Jepang yang kita kenal sebagai negara modern, dengan berbagai kemajuan teknologinya ternyata tidak berbanding lurus dengan kondisi masyarakat. Rapuhnya ikatan keluarga dan pengaturan pergaulan yang tidak jelas, membuat mereka rela membayar dalam jumlah besar demi mengisi kekosongan peran keluarga.

Family Romance, adalah sebuah perusahaan yang menyewakan ‘keluarga dan teman’. Berdiri sejak 10 tahun yang lalu, kini karyawannya berjumlah 2200 orang. Ada yang berpura-pura menjadi ayah, ibu, sepupu, paman, kakek-nenek, dan kerabat lainnya. Yuichi Ishii adalah pendirinya. Popularitas perusahaan ini dan pemiliknya terus berkembang. (Bbc.com, 1/6/2019)

Pelanggan Ishii punya berbagai kebutuhan. Ada pasangan muda mudi yang tidak bisa memperkenalkan orangtua aslinya, maka mereka menyewa orangtua. Perusahaan akan memberikan profil dengan tinggi badan, warna rambut dan usia yang sesuai. Ada pula yang menyewa seorang teman, untuk menemani belanja, ngobrol atau jalan-jalan.

Orang tua yang menyewa anak laki-laki, anak perempuan dan cucu, juga ada. Untuk merasakan pengalaman yang pernah mereka miliki atau bahkan tidak pernah mereka miliki. Akan tetapi, secara keseluruhan, peran ayah adalah yang paling banyak diminati. Sebab di Jepang, terjadi 200.000 perceraian setiap tahunnya.

Klien membayar 20.000 yen (sekitar Rp2,6 juta) untuk ditemani selama empat jam, plus ongkos transportasi dan makanan. Kontak fisik sangat dibatasi, mereka tidak bisa berciuman atau berhubungan seks, hanya boleh berpegangan tangan.

Krisis keimanan terjadi pada masyarakat Jepang. Tatanan keluarga yang utuh dan rapi menjadi sebuah kebutuhan yang krusial. Ketika keberadaan peran tertentu, diisi oleh peran sewaan, mereka merasa persoalan telah selesai. Membohongi diri sendiri dan orang lain, menjadi perkara akhir dalam skala prioritas perbuatan. Solusi ala sekularisme, selalu berujung pada persoalan baru.

Ishii mengatakan, “Akan lebih baik jika masyarakat tidak membutuhkan layanan semacam ini, tetapi kenyataannya tidak seperti itu.” Ia percaya usahanya dibutuhkan, tapi ia merasa kesulitan berhadapan dengan sanksi moral.
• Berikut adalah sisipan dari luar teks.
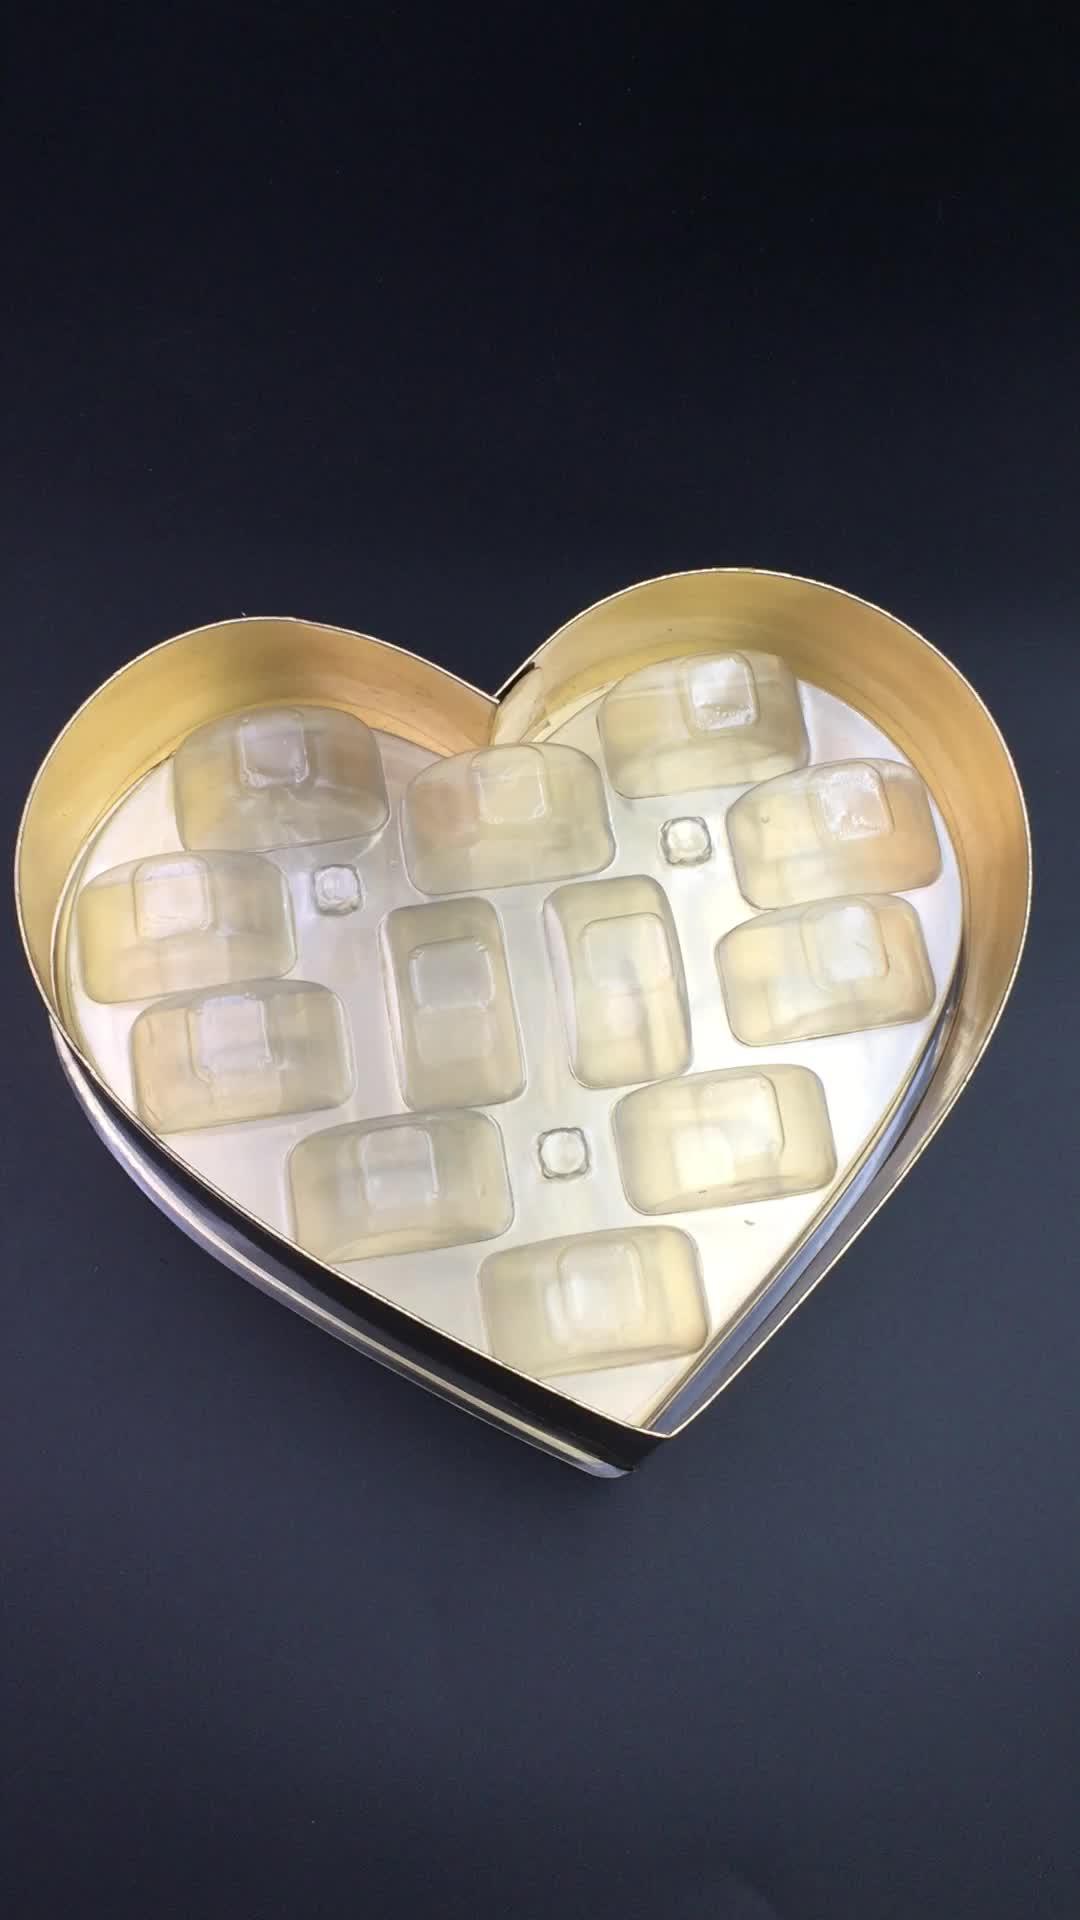 Macarons ที่กำหนดเองพลาสติกช็อกโกแลตบรรจุภัณฑ์ของขวัญกล่อง
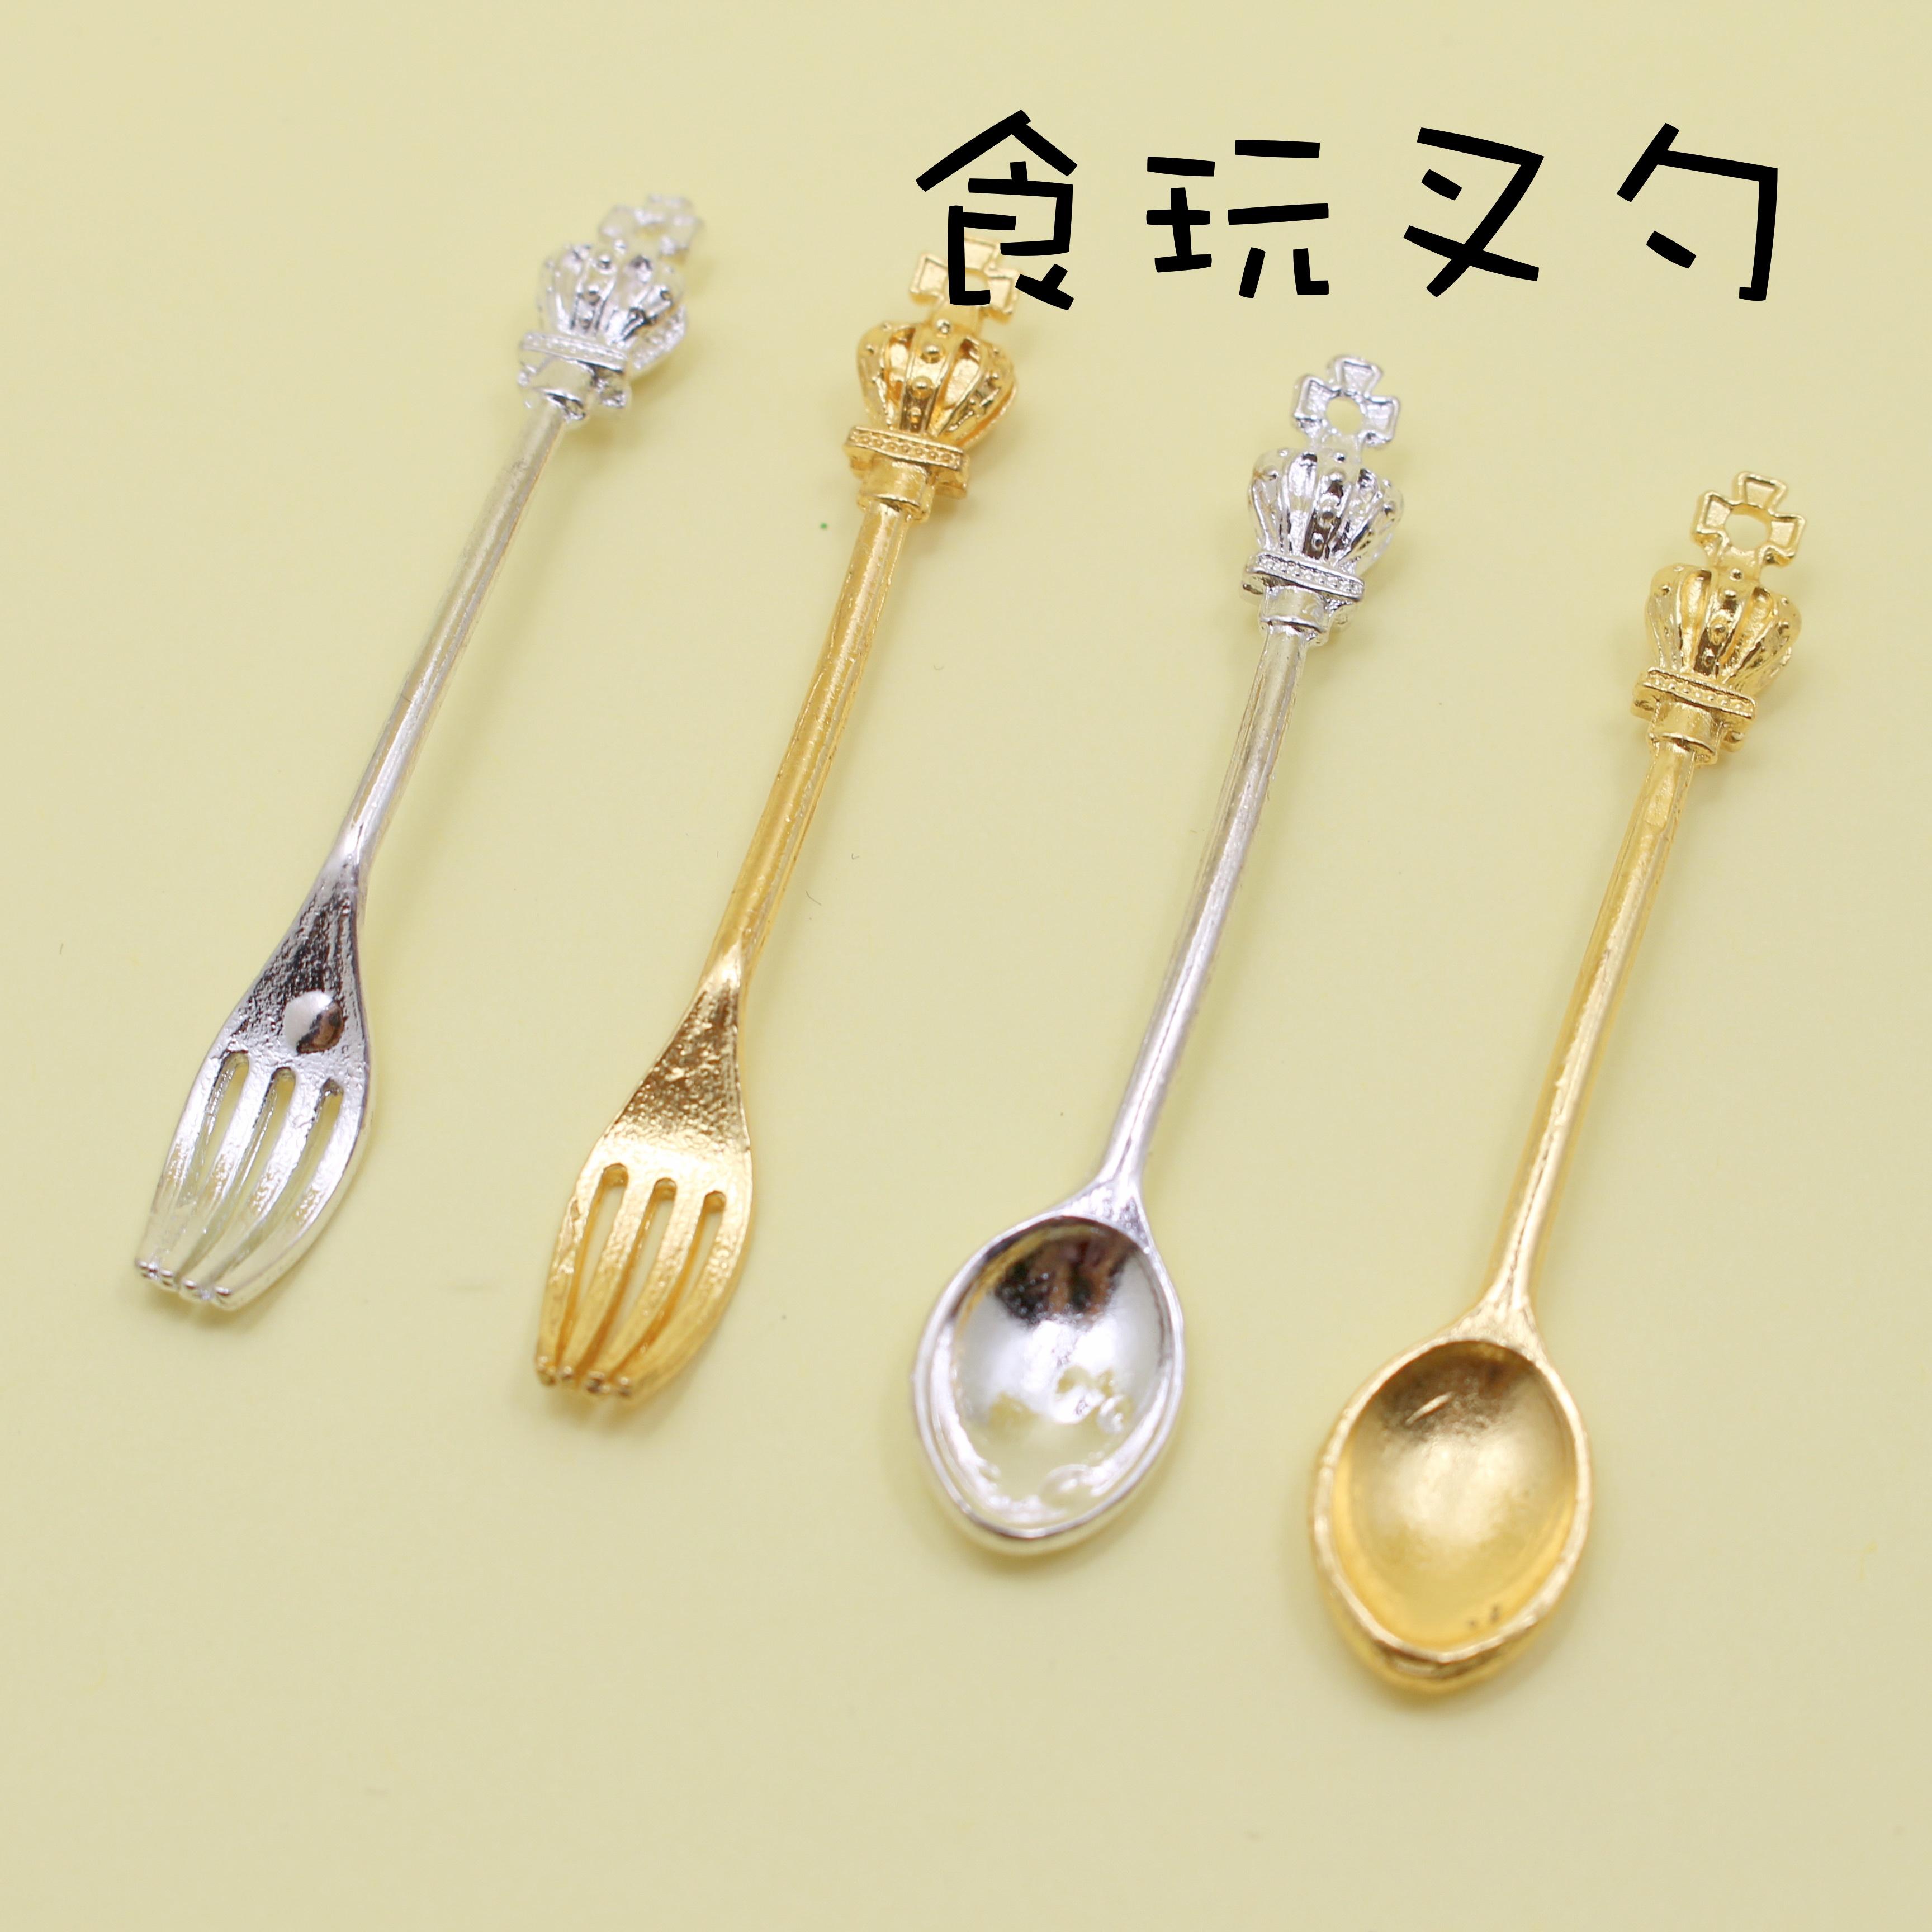 【墨叔家】超轻粘土食玩娃娃屋配件迷你勺子叉子

Sulit baginya menyimpan kebohongan. Terutama pada 35 anak menganggapnya sebagai ayah kandung mereka, 25 keluarga dan ia menjaga 69 hubungan palsu sebagai teman atau saudara.

Sungguh berbeda dalam Islam. Keluarga dibentuk atas dasar takwa. Masing-masing anggota keluarga mengetahui perannya dengan baik. Hingga kemudian merawat hubungan interpersonal mereka, karena iman kepada Allah. Cinta kasih terjaga, terbentuk keharmonisan. Masing-masing menjalani tugas dan tanggung jawab yang dibebankan Allah.

Saling menghargai, menjaga hak dan kewajiban atas dasar takwa, menghasilkan pribadi yang berkualitas tinggi. Hal ini menunjukkan bahwa kaum muslim jauh lebih mulia dibandingkan kaum yang lain. Keterikatan dengan hukum syara’, tunduk dan patuhnya seseorang pada Allah, melahirkan umat yang beradab.

Hubungan dalam keluarga, tidak berdiri sendiri. Juga tidak dibiarkan tanpa aturan. Islam melengkapinya dan mengaturnya dalam sistem pergaulan. Ada sopan santun dalam bakti terhadap orangtua, atau birrul walidaiyn. Aturan berpakaian juga membedakan interaksi antara keluarga dengan bukan mahrom. Belum lagi perkara lain seperti aturan berdua-duaan atau kholwat dan bercampur atau ikhtilat.